WHAT THE EXERCISE ASKS: Print the listing below only from the line that has "modern abstract architecture Stock Photo" through the line that has "Official Formula 1", exactly, and drop any picture.

GIVEN INFORMATION:
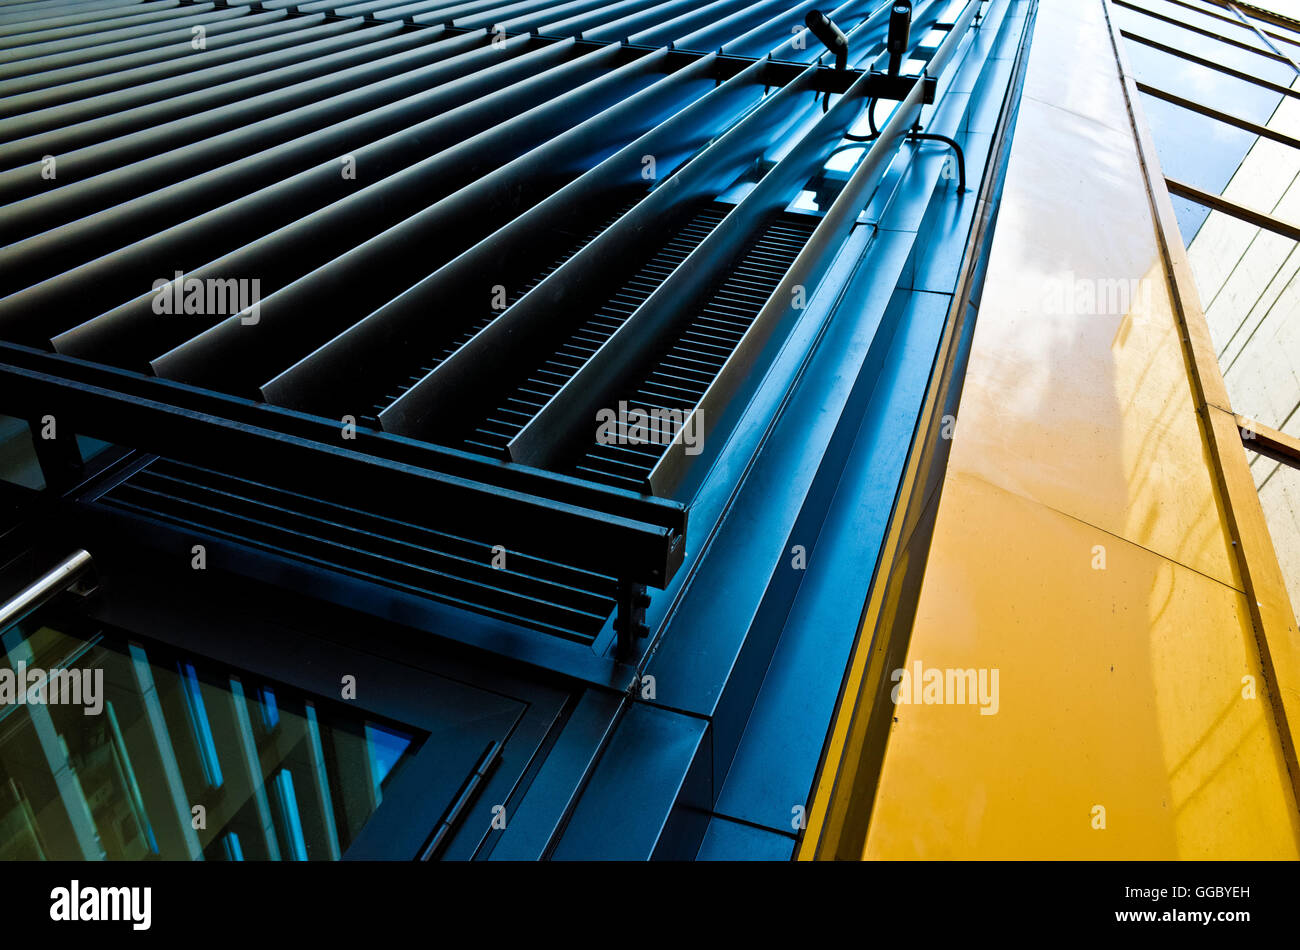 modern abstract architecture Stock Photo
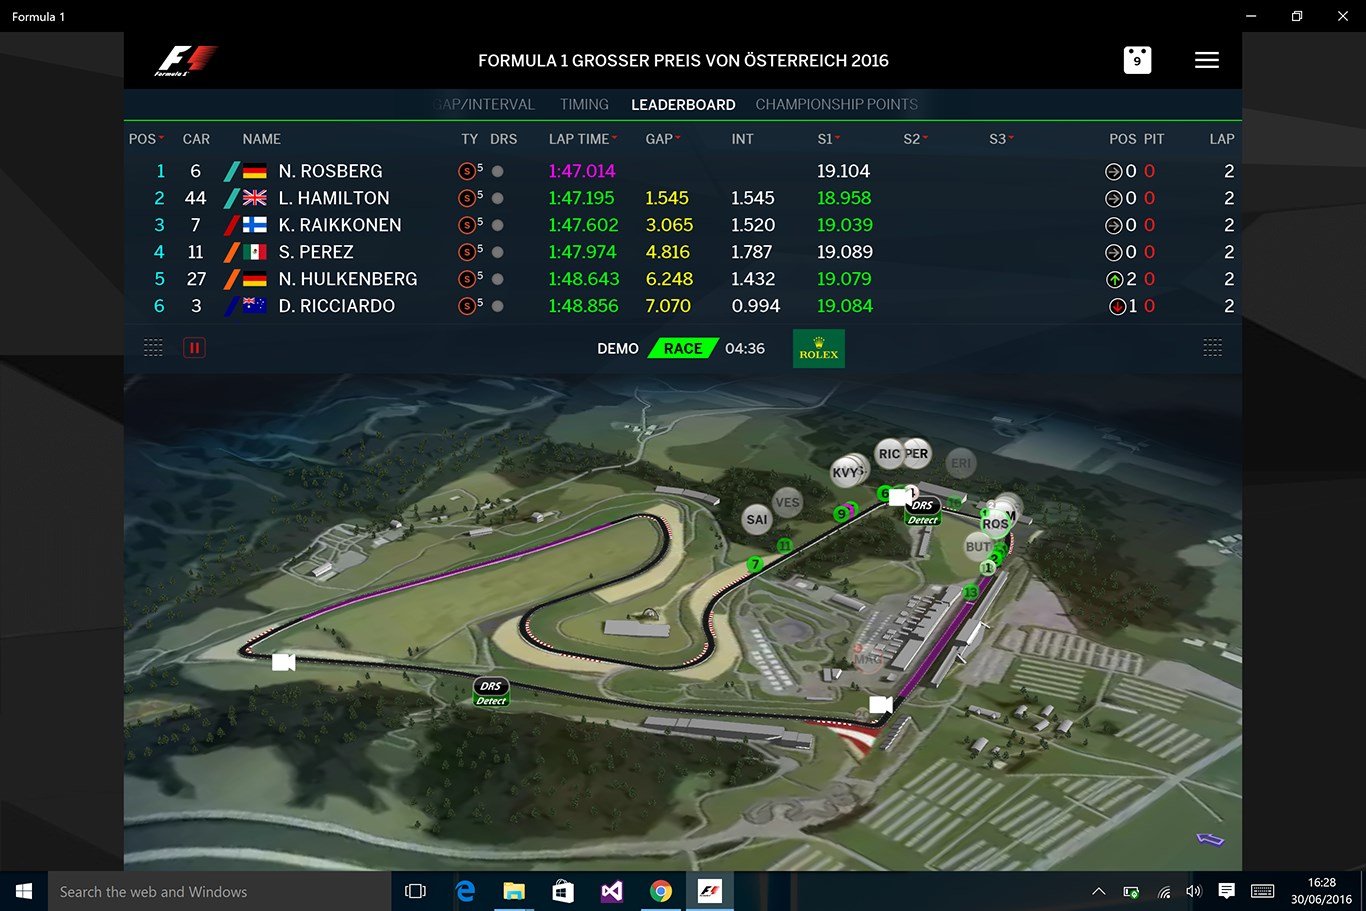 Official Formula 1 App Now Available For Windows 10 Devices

--

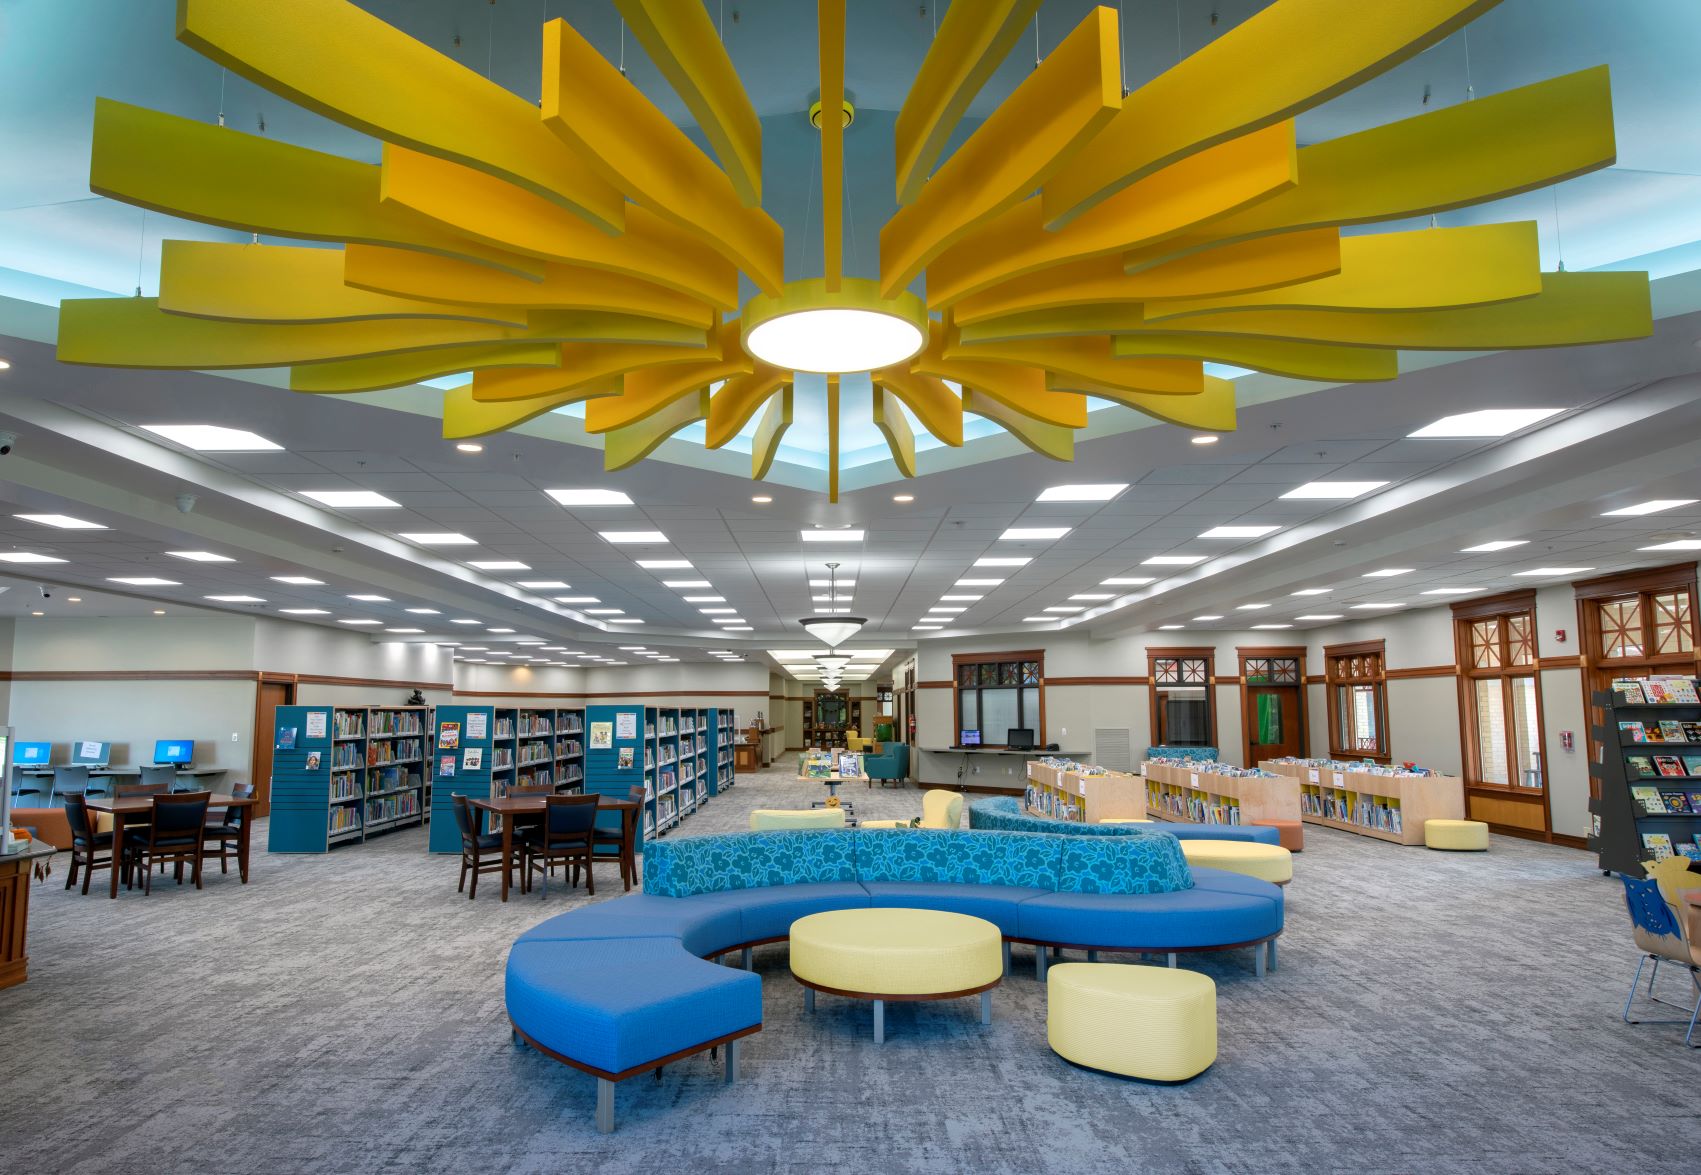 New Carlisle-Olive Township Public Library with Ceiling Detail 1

...

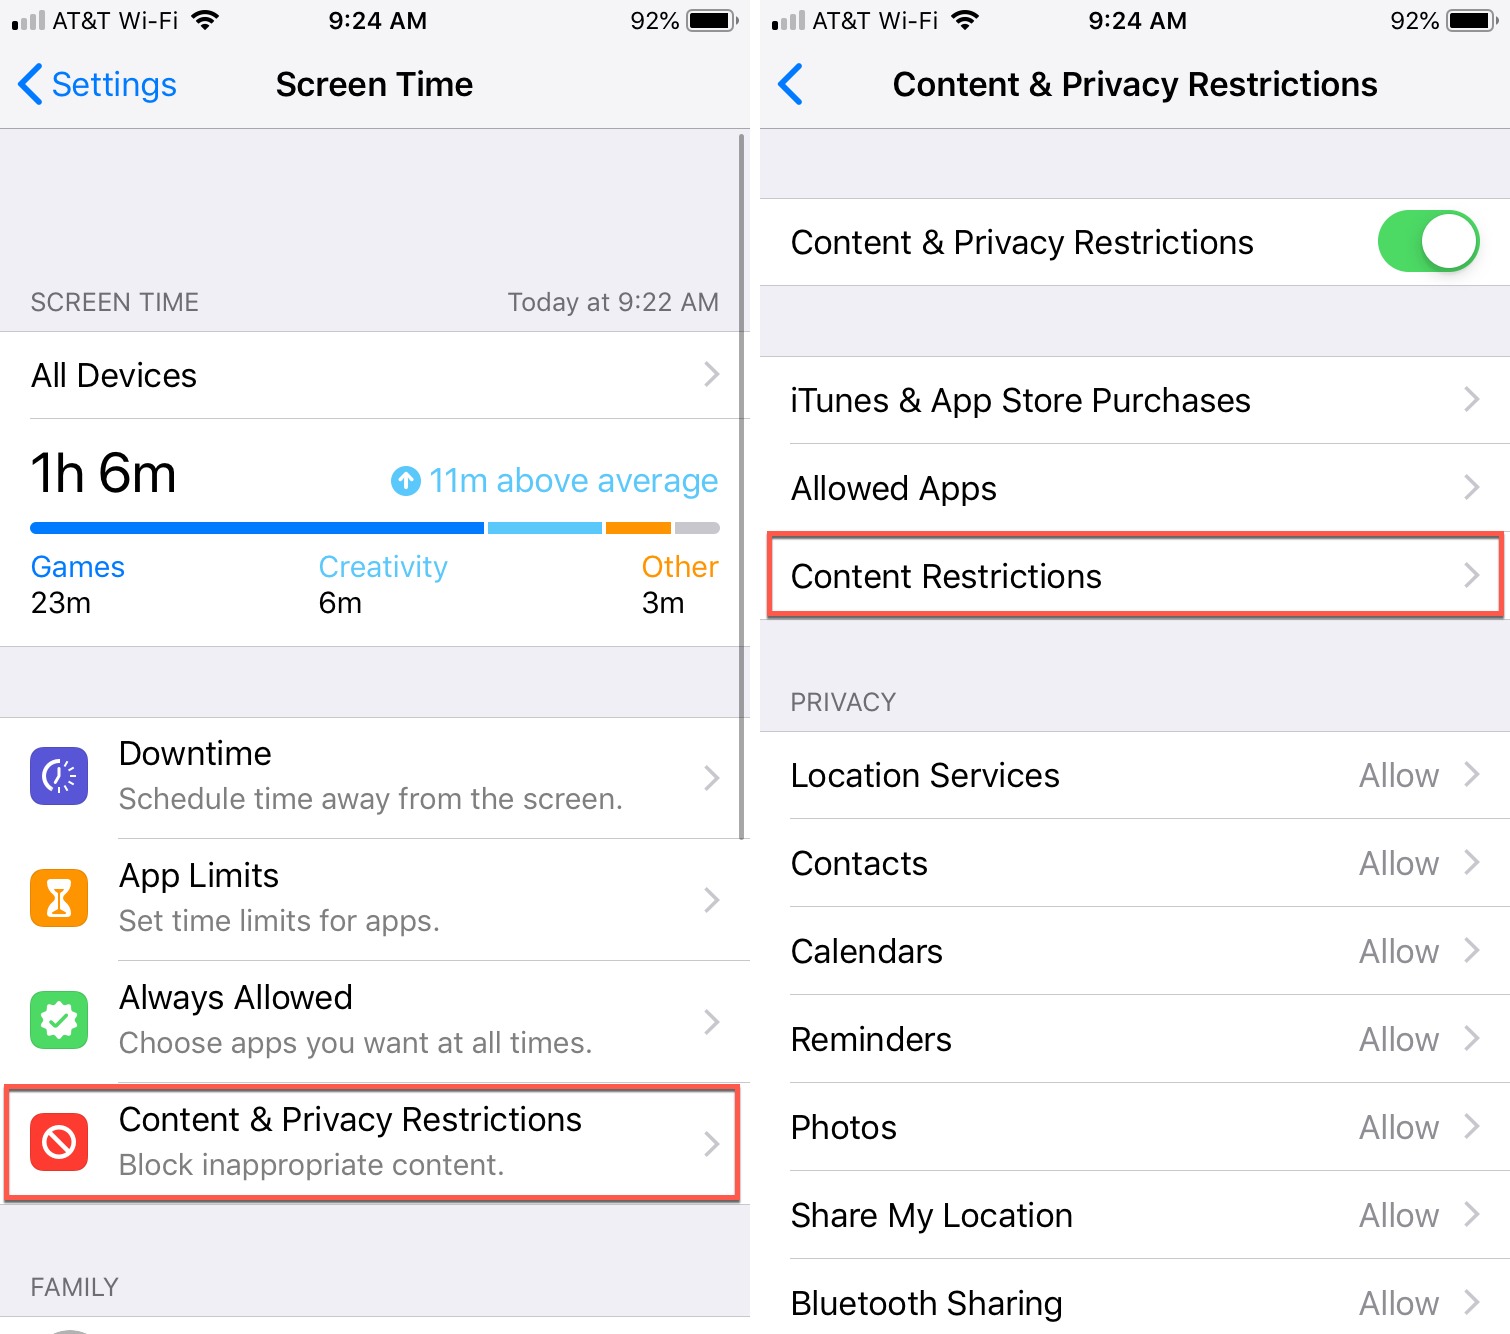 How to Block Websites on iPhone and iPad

THE ANSWER:
 modern abstract architecture Stock Photo
 Official Formula 1 App Now Available For Windows 10 Devices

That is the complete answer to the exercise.